DENVER — The final group waiting on COVID-19 vaccine eligibility could soon get access to the shot.
On Wednesday, an FDA advisory committee unanimously voted to recommend both the Pfizer and Moderna vaccines for the youngest children still waiting: the population younger than 5 years old.
Before vaccines can be distributed, they still need approval from the FDA and the director of the CDC. NBC News reports that decision is expected in the coming days.

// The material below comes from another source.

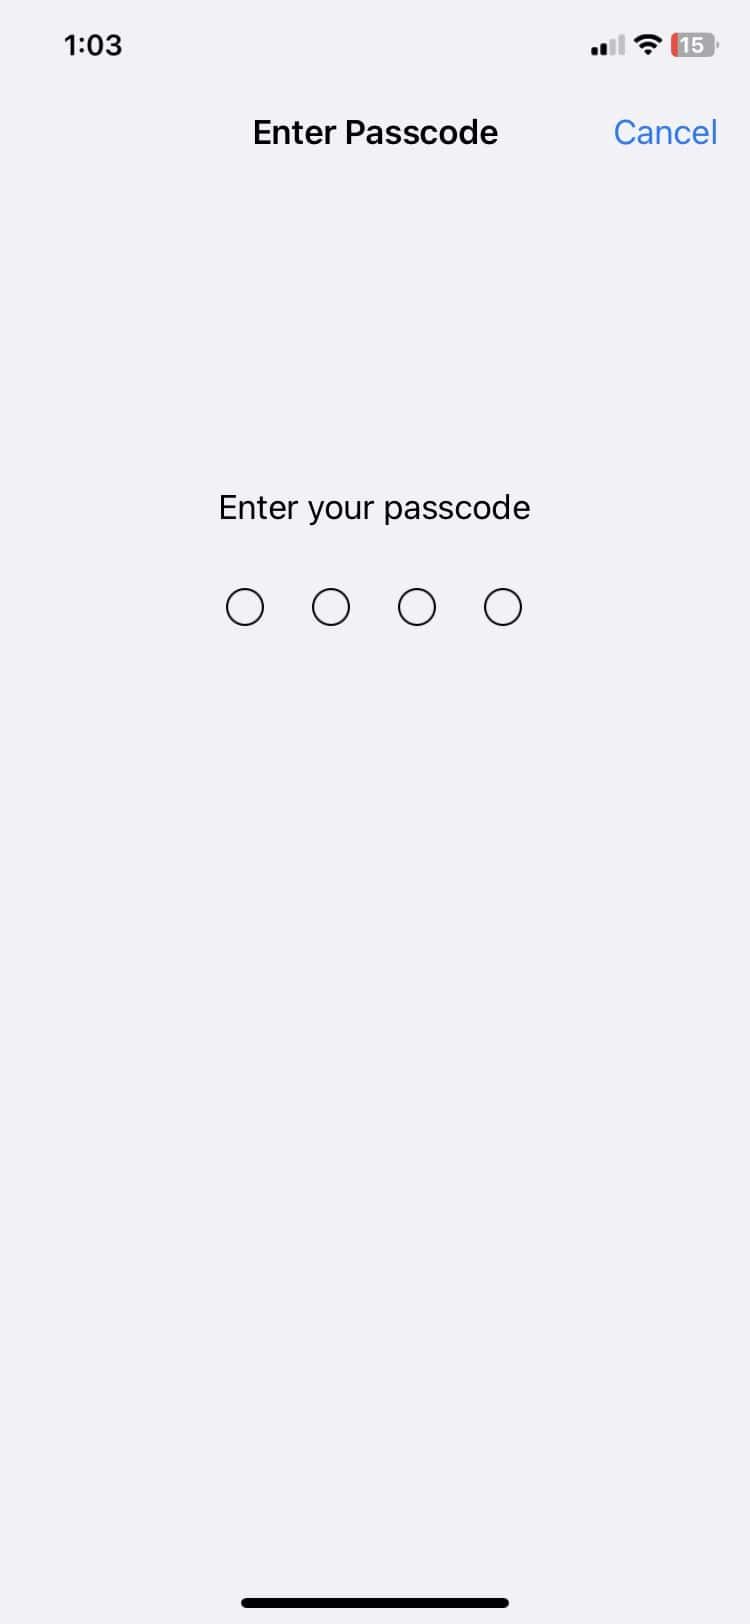 enter passcode in iPhone

9Health Expert Dr. Payal Kohli answered some commonly asked questions about the vaccine.
(Editor’s note: This interview has been edited for context and clarity.)

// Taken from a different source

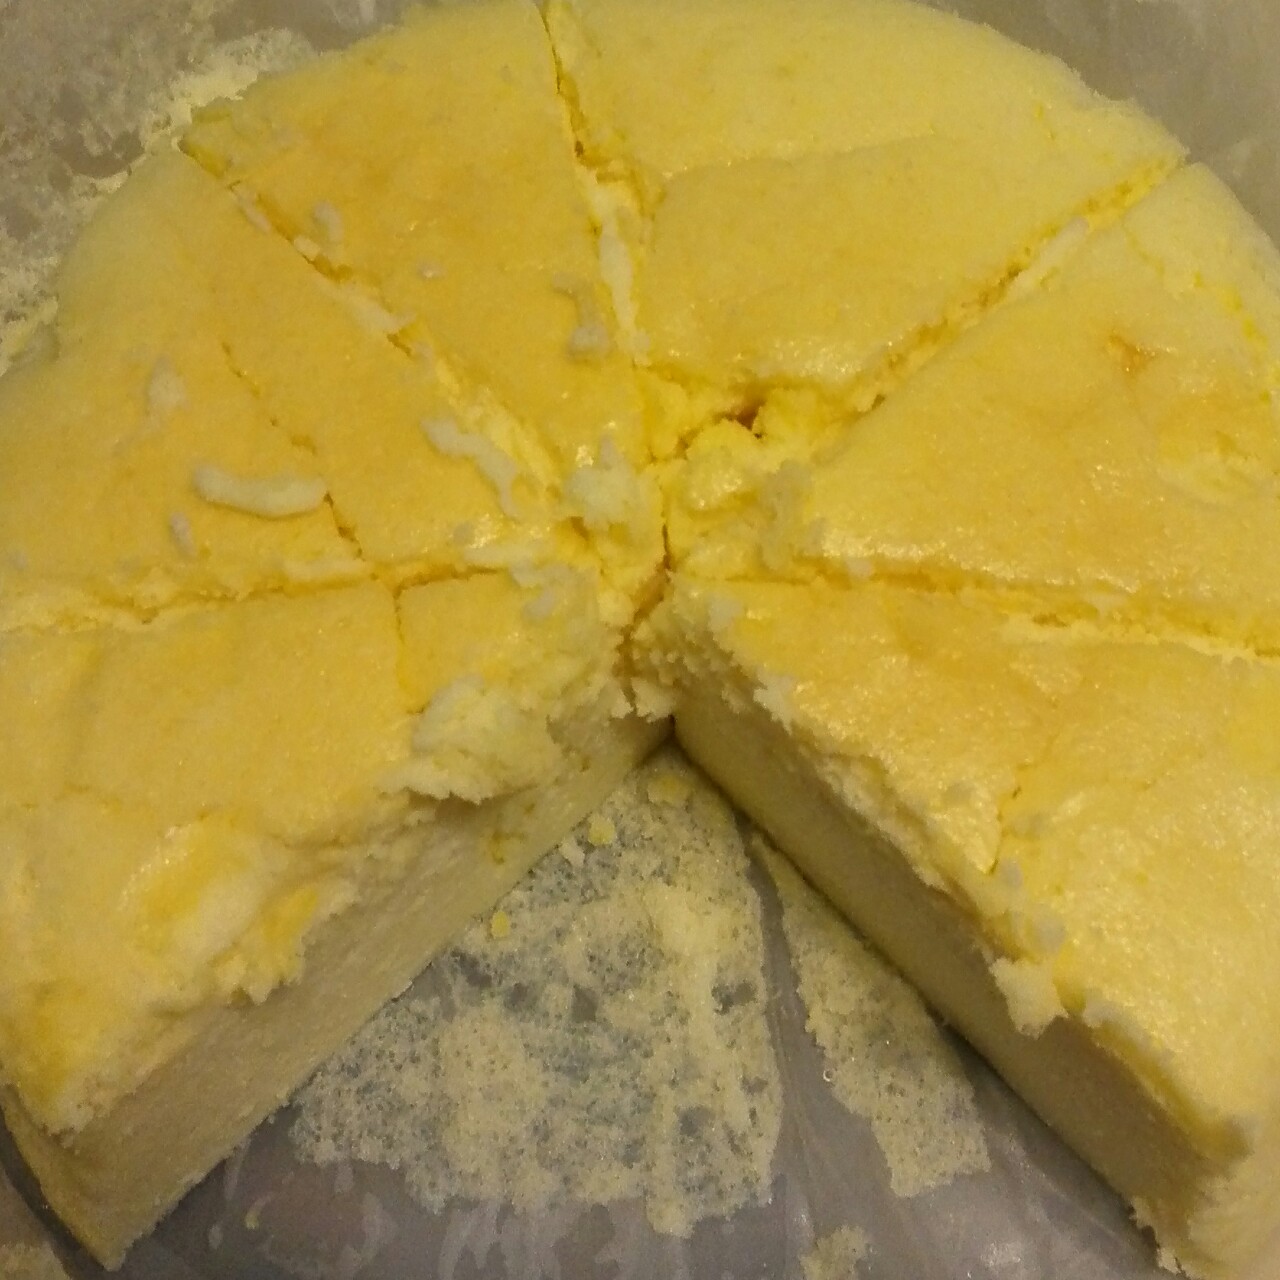 轻乳酪芝士蛋糕6寸#皮黑森林#

9NEWS: How does the vaccine for little kids differ from the one for adults?
Kohli: Moderna is a two-dose regimen, 25 micrograms per dose, which is one quarter of the adult dose, and it's given three weeks apart. And that’s for kids from 6 months to 5 years.

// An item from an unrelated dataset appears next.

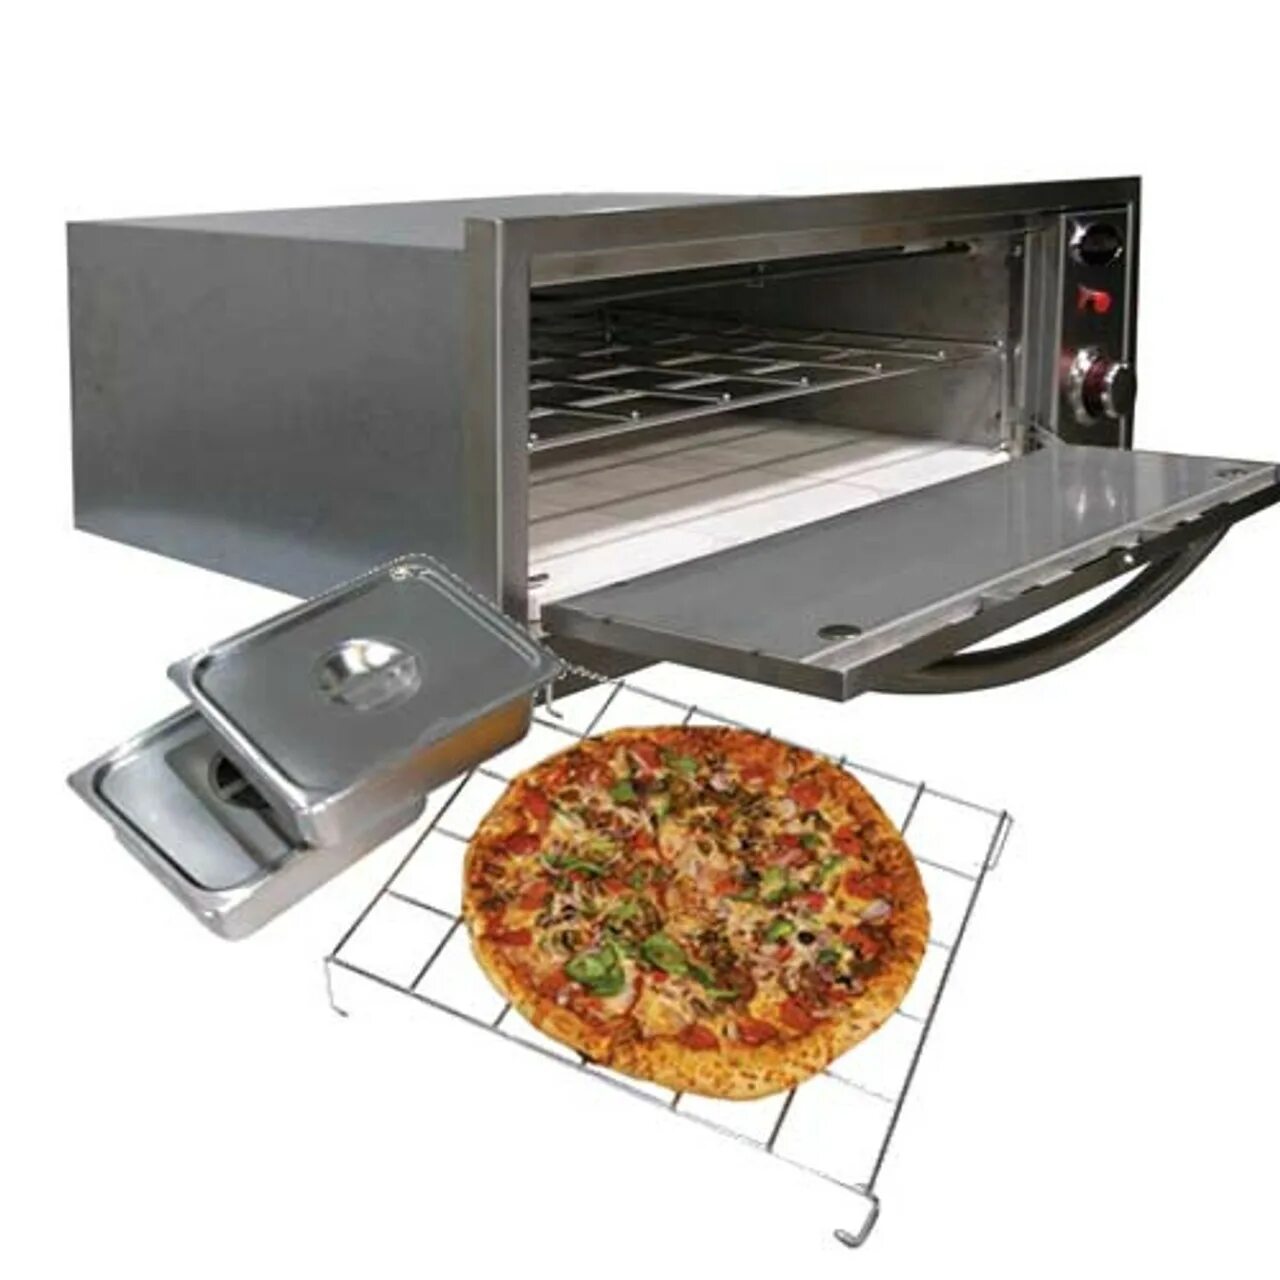 Stadler made Outdoor Oven. Amp грили mg200. Печь для пиццы электрическая. Sf1 печь. Купить духовку для пиццы

The Pfizer is a three-dose regimen. It's three micrograms, which is one-tenth of an adult dose. The first dose is given, then three weeks later the second dose is given, and then you actually have the next dose given eight weeks later. It's really important to keep in mind that’s not a booster dose – those three doses are actually the full vaccination. Without that, you're not fully vaccinated.
It’s the same vaccine we’re giving to adults. We’re just giving less of it. You need less to tickle a child’s immune system.
How effective are these vaccines?
Kohli: Protection varies depending on how old you are. If you’re older, your protection is actually a little bit less than the younger children.
With Moderna, what we’re seeing is an efficacy of about 37% against symptomatic infection against the omicron variant. That goes up to about 50% for younger kids, but still about one in two. For Pfizer, we're seeing an overall higher efficacy, overall about 80%, plus or minus a few percentage points for the kids.
The vaccine was built for the original variant. Now the omicron variant, we know, is really good at evading our immune system, and that’s partially why we’re seeing these lower efficacy numbers for our kids than adults. But even though it sounds lower than what we saw before, it's good protection for our kids. And the most important thing is – when it comes to preventing degree of illness, and minimizing how sick a child gets, and also potentially the symptoms of long covid, that’s where the vaccinations are really helpful, too.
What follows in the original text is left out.